The FTSE 100 Index rose 33 points to 6070 at noon

The Bank of England’s downgrading of the UK’s growth forecast could not stop the FTSE 100 Index from making gains.

The Bank slightly downgraded its predictions for growth for this year and also warned in its quarterly inflation report that CPI could rise towards 5% in the coming months.

But the Footsie maintained the advances seen earlier in the session, surging ahead 33.1 points to 6070.2.

The pound slumped against the dollar and the euro after the Bank’s governor Mervyn King hinted that interest rate rises will be gradual. It stood at 1.61 against the greenback and at 1.19 against the single currency.

The Footsie’s strong performance followed a decent session for Asian markets, which saw the Hang Seng and the Nikkei make gains.

The risers board in London featured several property stocks after HSBC and Goldman Sachs upgraded stocks from the sector, including Land Securities and British Land, up 23.8p to 725.8p and 12.3p to 555.3p respectively.

Heavily weighted banking stocks also made further gains after Barclays reported a 32% rise in profits to £6.1 billion on Tuesday, as HSBC and Royal Bank of Scotland both rose 2%.

Anglo-Australian miner BHP Billiton was the biggest Footsie faller despite reporting a 71% jump in half-year profits to 10.5 billion US dollars (£6.5 billion) and pledging to return 10 billion US dollars (£6.2 billion) to shareholders this year. The company said it was “cautiously optimistic” about the short-term outlook for the global economy but shares slipped 57p lower to 2443p.

Beer giant Heineken refreshed markets after it delivered better-than-expected results amid “challenging but improving” economic conditions.

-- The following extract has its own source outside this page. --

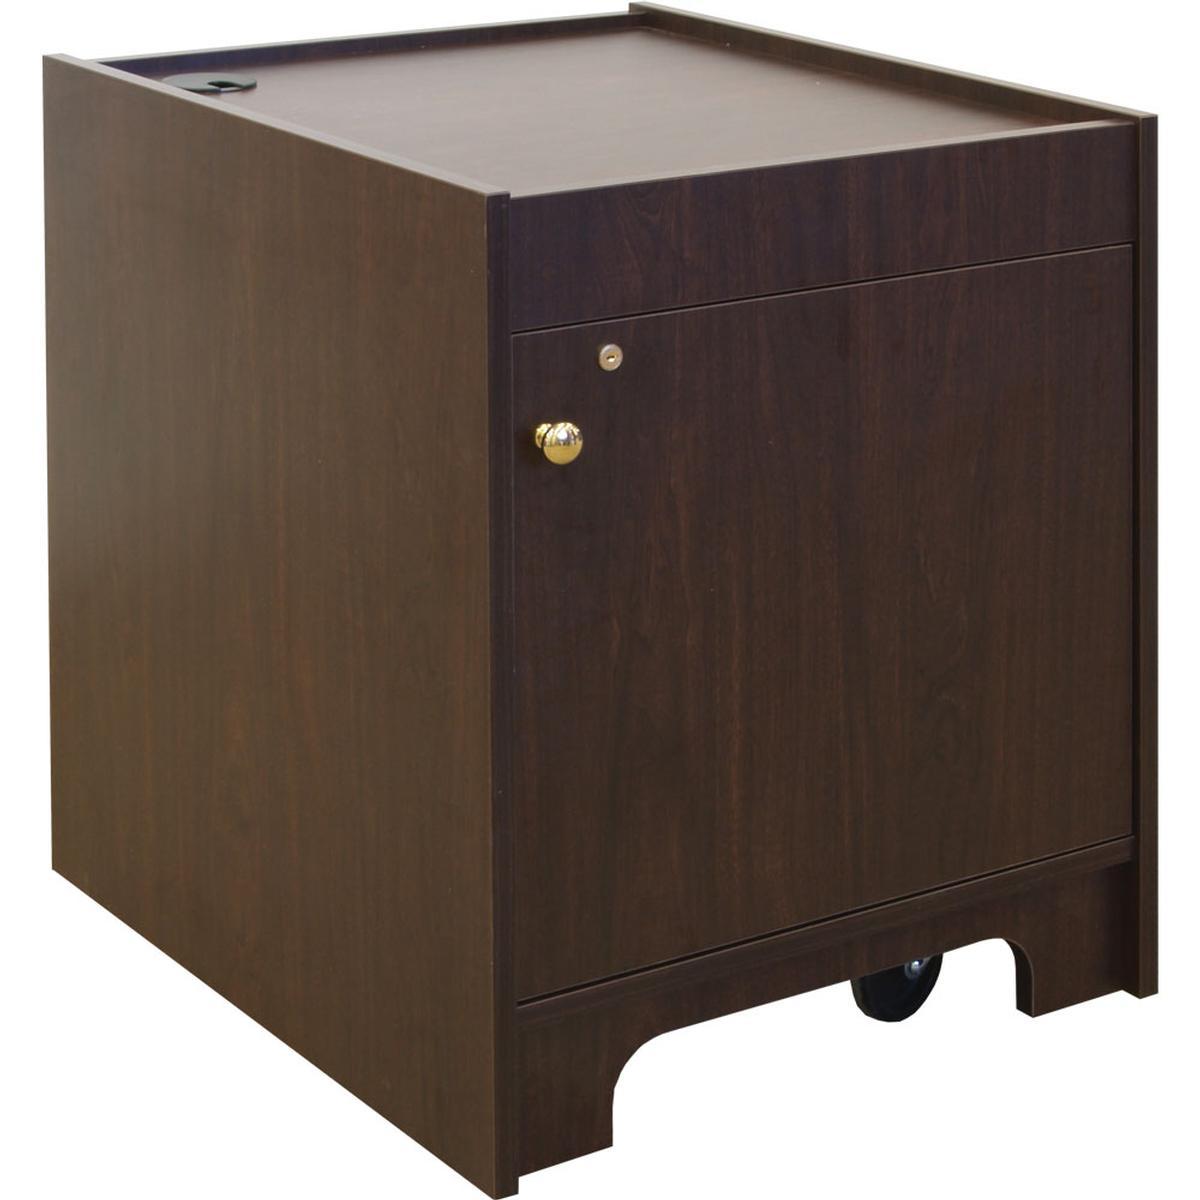 Elco 11ru Marshall Furniture Quick Ship Mobile Rack

The company reported strong profits growth in the UK despite a declining beer market as it benefited from price increases and cost savings, including the closure of breweries in Reading and Dunston near Newcastle.

In the UK retail sector, Thorntons shares fell 6p to 93p after it revealed a drop in half-year profits and said trading so far in 2011 has been weak. The chocolatier revealed that December’s snow had increased costs in its supply chain by £500,000 and said some of its stores may close when their leases come up for renewal.